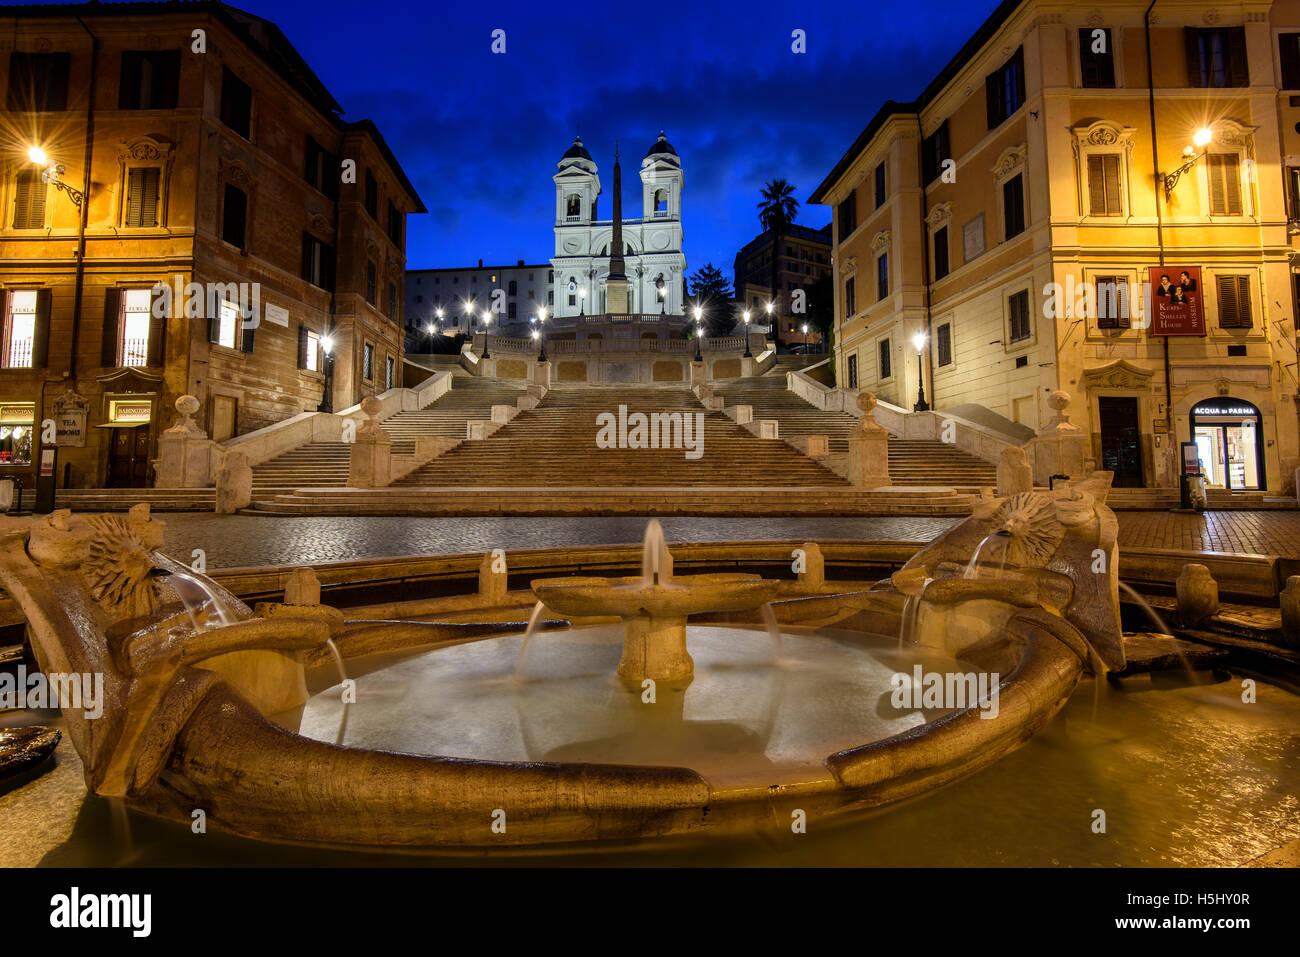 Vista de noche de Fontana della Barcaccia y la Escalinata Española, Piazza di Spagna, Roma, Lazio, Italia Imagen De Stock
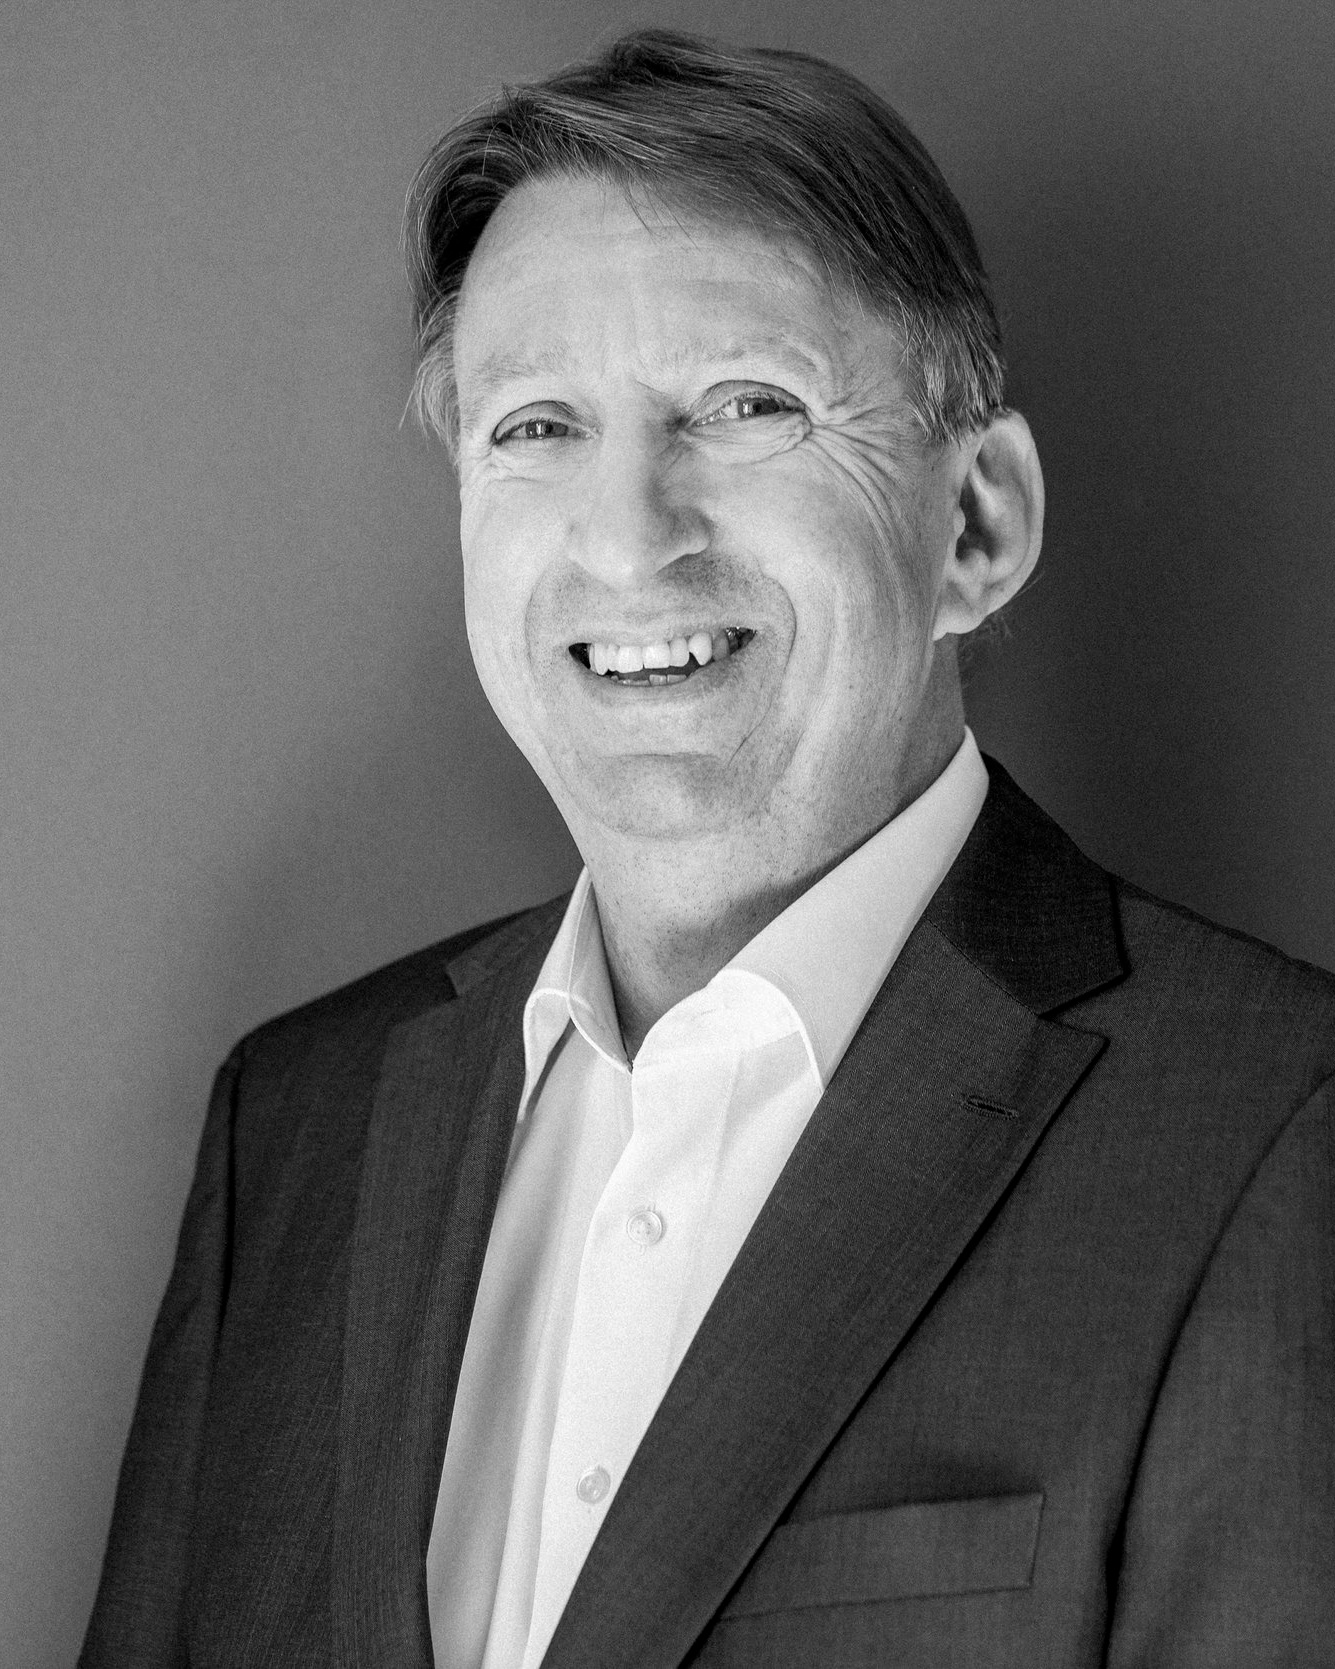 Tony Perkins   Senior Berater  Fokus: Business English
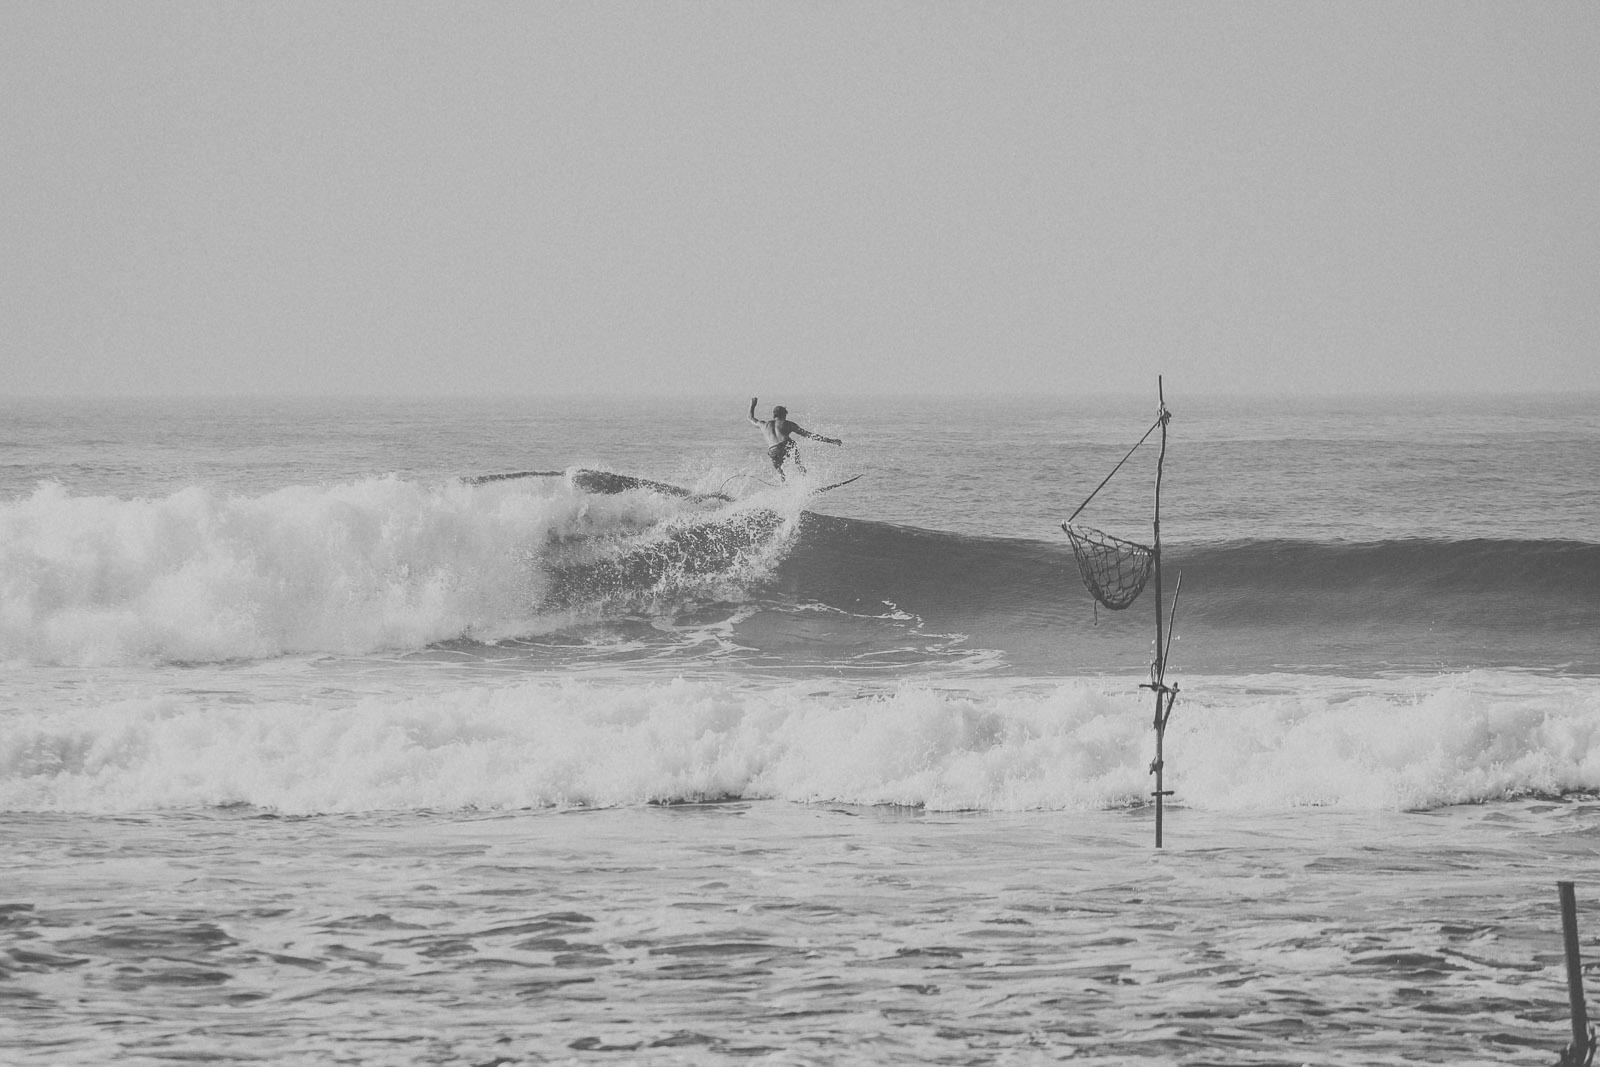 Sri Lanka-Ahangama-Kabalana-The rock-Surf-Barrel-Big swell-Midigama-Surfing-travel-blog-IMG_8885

Your assignment — Where pictures appear, skip them and transcribe all other material word for word.

Task result —
 Vista de noche de Fontana della Barcaccia y la Escalinata Española, Piazza di Spagna, Roma, Lazio, Italia Imagen De Stock
 Tony Perkins   Senior Berater  Fokus: Business English
 Sri Lanka-Ahangama-Kabalana-The rock-Surf-Barrel-Big swell-Midigama-Surfing-travel-blog-IMG_8885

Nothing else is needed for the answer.